I = V/Rl = 1.453/2.50 = 0.5812A.
r = (1.492-1.453)/0.5812 = 0.0671 Ohms = Internal resistance.
r = (1.492-1.453)/0.5812 = 0.0671 Ohms = Internal resistance.
First, let's understand the given information:
- When the battery is not used in a circuit, the voltmeter measures a potential difference of 1.492V across its terminals. This potential difference is known as the EMF of the battery.
- When a 2.50Ω light bulb is connected to the battery, the potential difference across the battery's terminals is 1.453V.
According to Ohm's Law, the potential difference (V) across a resistor is given by the equation V = I * R, where I is the current flowing through the resistor and R is the resistance of the resistor.

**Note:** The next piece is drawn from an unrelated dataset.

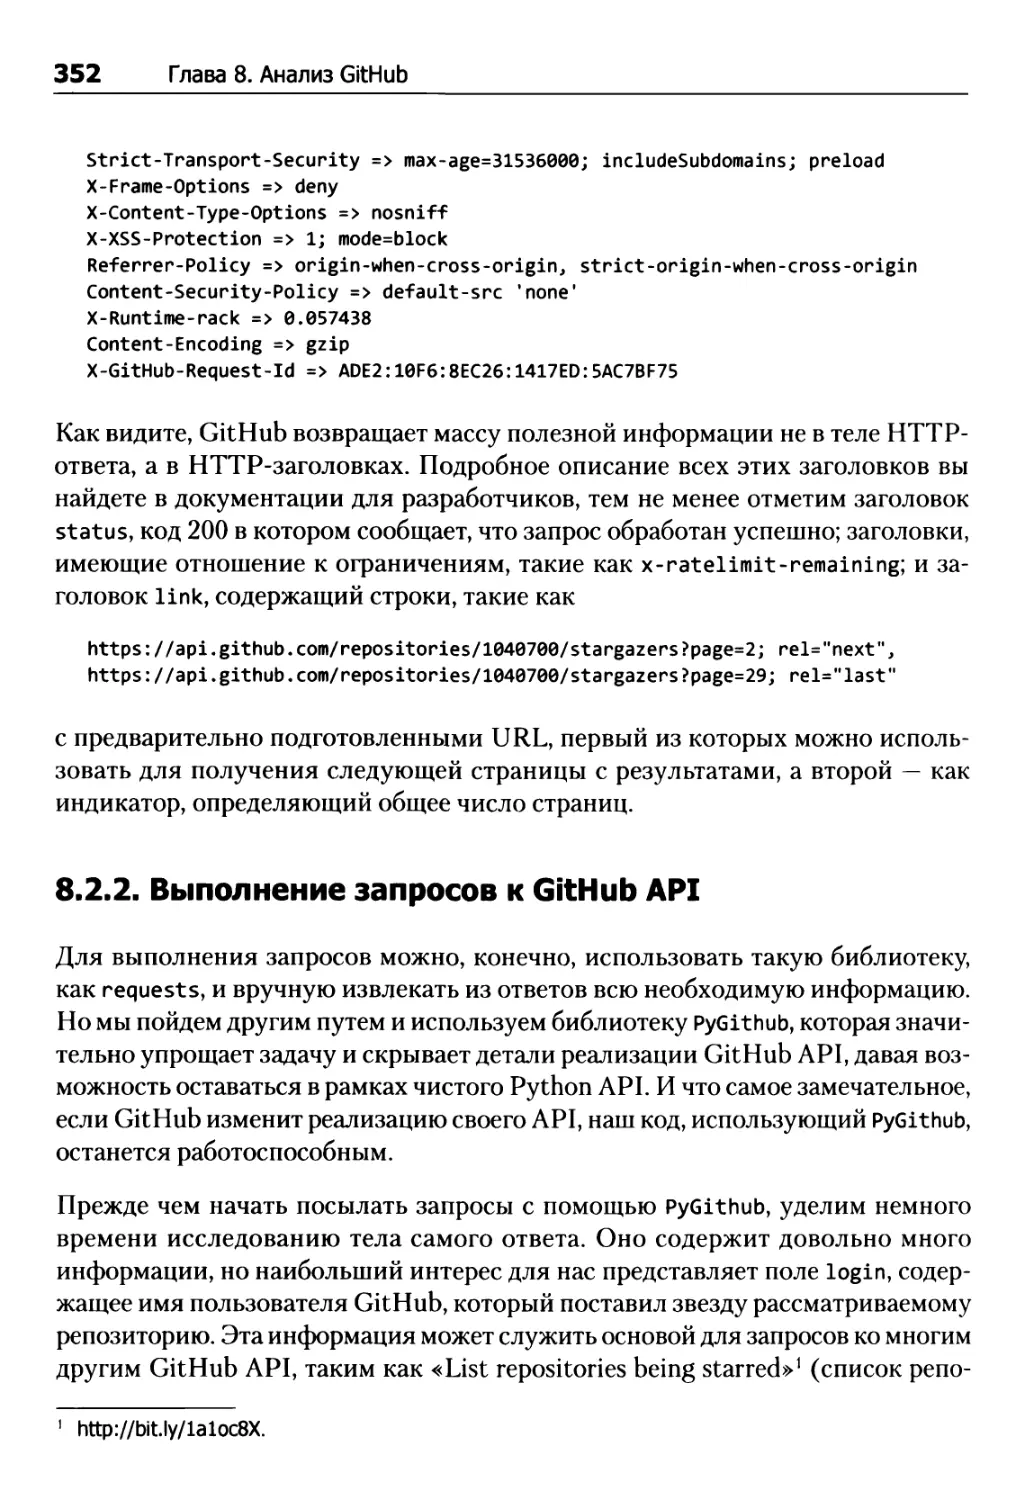 8.2.2. Выполнение запросов к GitHub API

In this case, when the circuit is closed and the light bulb is connected, the potential difference across the battery's terminals (V1) can be calculated as the difference between the EMF of the battery and the potential difference across the resistor:
V1 = EMF - V
Given:
EMF = 1.492V
V = 1.453V
Substituting the values, we get:
V1 = 1.492V - 1.453V
V1 = 0.039V
Now, we need to find the current flowing through the circuit (I) using Ohm's Law:
V1 = I * R
Given:
V1 = 0.039V
R = 2.50Ω
Substituting the values, we can solve for I:
0.039V = I * 2.50Ω
Rearranging the equation:
I = 0.039V / 2.50Ω
I = 0.0156 A (Ampere)
Now, we can use the formula for calculating the internal resistance (r) of the battery:
r = (EMF - V1) / I
Given:
EMF = 1.492V
V1 = 0.039V
I = 0.0156 A
Substituting the values, we can solve for r:
r = (1.492V - 0.039V) / 0.0156 A
Calculating:
r = 1.453V / 0.0156 A
r = 93.15 Ω (Ohm)
Therefore, the internal resistance of the battery is 93.15 Ω.